In the walkthrough above, we looked at how we could create product listing descriptions based on an image input. Next, let's look at how we can generate detailed product descriptions based on text input containing rough product specifications, such as those found on online marketplaces.

1) The first step is to set up your ontology again by navigating to the schema tab, creating a new scheme and selecting the "text" media type as we're dealing with text inputs this time. We recommend naming it something descriptive such as "multi description", and then add the overall text classifications for our descriptions, with free text responses. In this example, we'll be generating 3 product descriptions. We will then need some indicator to say which of the preferred descriptions has been identified as the best by the human labeler (e.g., description 1, description 2, description 3, preferred description) as shown below .

Set up a multi-description comparison workflow.

2) We're now in a position to execute our Model Foundry run, which we can do by selecting all the data rows within this data set and by predicting with Foundry. Since we're interested in generating an output text based on the input provided, let's use OpenAI's GPT-4 again in this instance.

3) As a next step, let's select an ontology. We're going to want to edit this ontology because we're not interested in asking the model to provide the preferred description but simply to output each of the three descriptions. To do so, we can click "edit", then we can ignore the preferred description option. Clicking "save" will update the automatically generated prompt before and we can add some additional information via prompt to direct the model in our desired manner.

4) As shown above, we'll be asking the model to provide three different output descriptions based on the input specifications provided. We can then edit any of the parameters available to us as required and once we're ready, we can generate the preview as shown below.

Generate description previews.

5) After we've generated our preview, we can begin to explore each of the outputted results for the sample of five data rows. To see the full response, we can navigate to to "view log" and see the outputted response from our model which has provided three different descriptions.
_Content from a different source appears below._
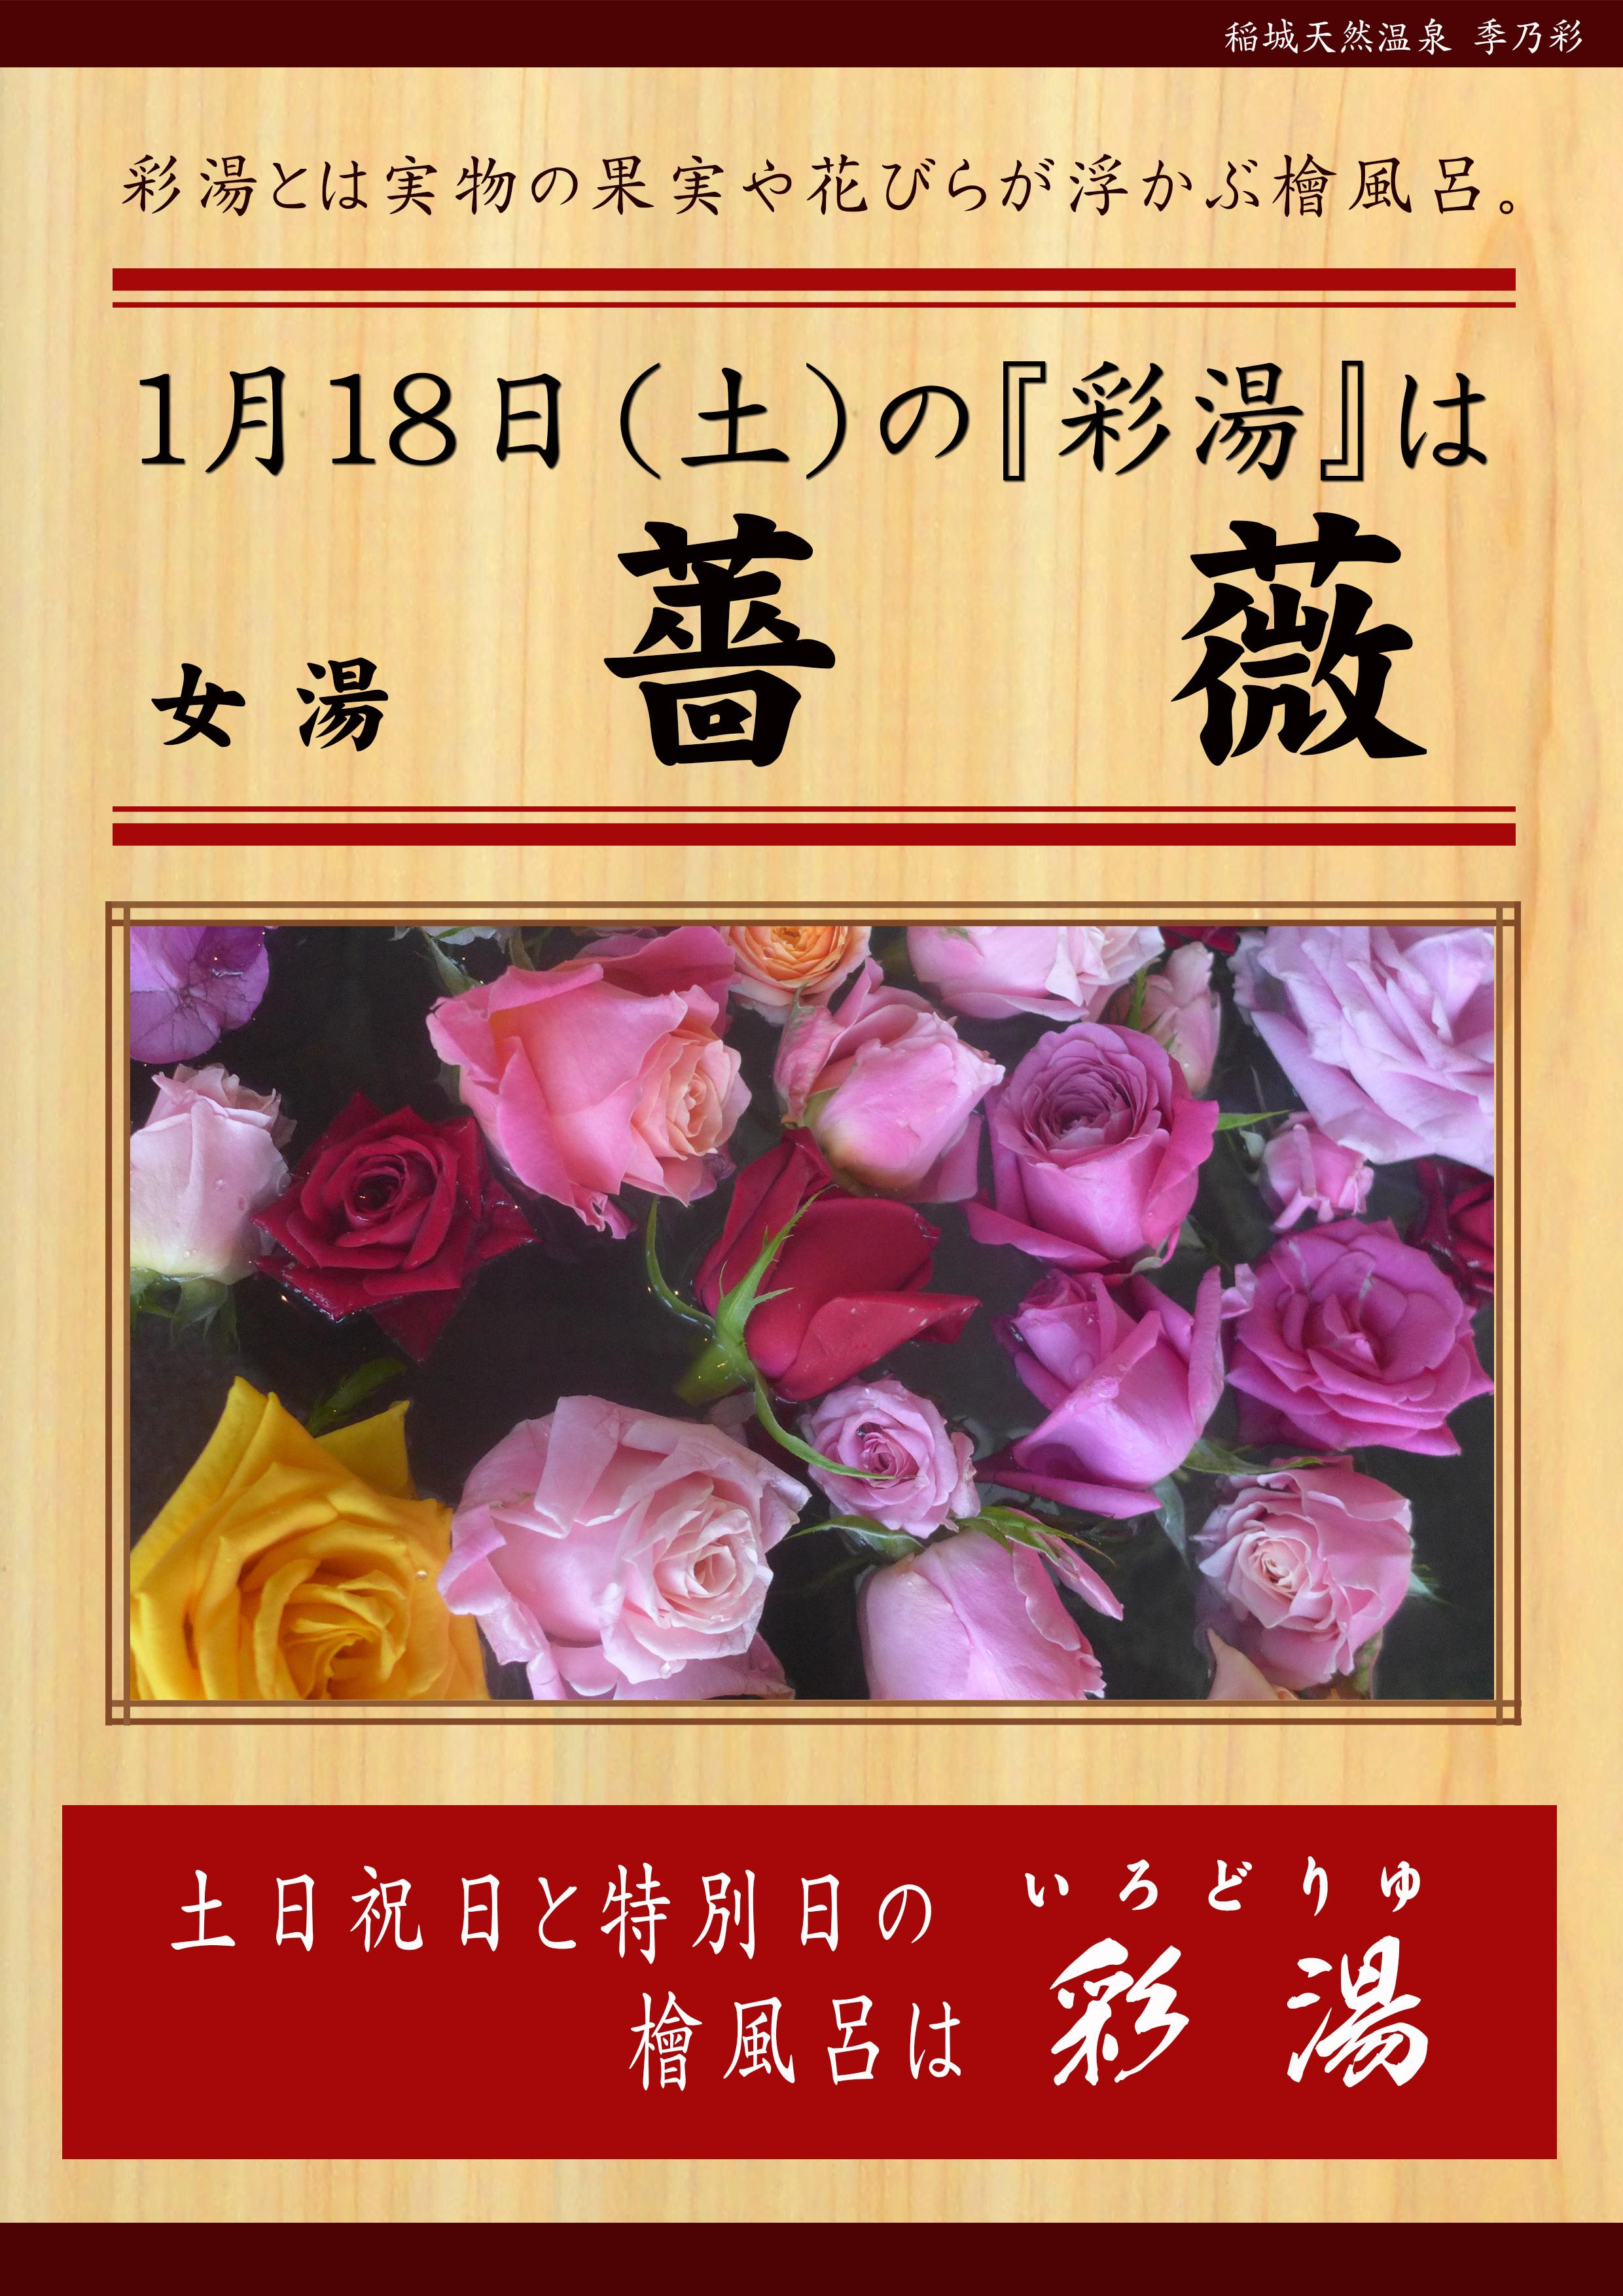 20200118 POP イベント 彩湯 女湯 薔薇
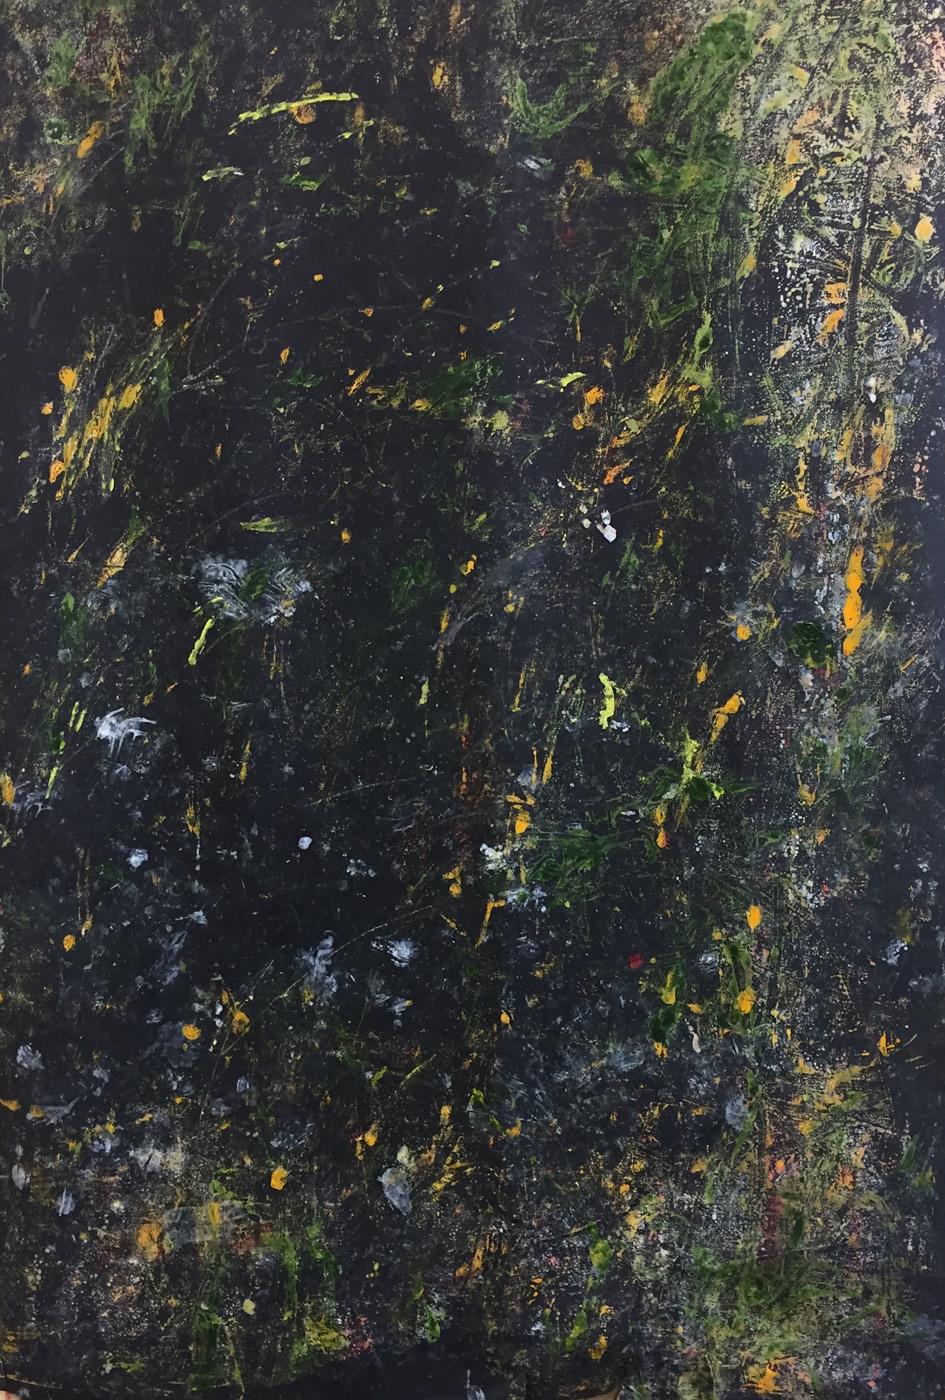 MARC FELD 2020 POSSIBILITIES 3 Huile, acrylique et pigment sur papier 70 x 130 cm

As it appears the model is performing as expected and we can now execute the full model run (as shown below).

View log to see model output.

6) Once our model run has been complete, we're in a position to navigate to the Model Run of interest. We can explore the three different descriptions that the model has generated for each of our data rows. Let's pass these to an Annotate project for a human labeler to select which of the three descriptions are preferable. To do so, we'll set up an Annotate project again, making sure to select "text", add our ontology that we used earlier, and then pass our model run outputs, and then "Send to Annotate".

7) Finally, we can view the 3 descriptions that the model has outputted. We can now have a human labeler review each of these descriptions, and select which one of the descriptions is most appropriate to include in the website listing as shown below.

Human labelers can review each description for the preferred description.

We can continue with this workflow until labelers have reviewed and assessed all data row descriptions. This allows us to build a dataset ready to extract and identify preferred descriptions and pass these description downstream for whatever use case is required such as inclusion on the product listing of our website.

We hope that this walkthrough gives you an idea of how you can leverage Labelbox's Foundry capabilities to create automatically generated product descriptions for a wide range of use cases. This should dramatically reduce the time taken and costs associated with generating outputted text (from product descriptions, to alt-text, to articles), while leveraging foundation models to automate the first pass.


As consumer businesses in media, retail, and internet strive to distinguish themselves in a competitive market, the power of AI-driven captioning systems for automating product listings serves as a powerful lever for speeding up manual tagging processes. Companies can tap into their vast data stores and harness the capabilities of advanced algorithms to enrich the customer experience.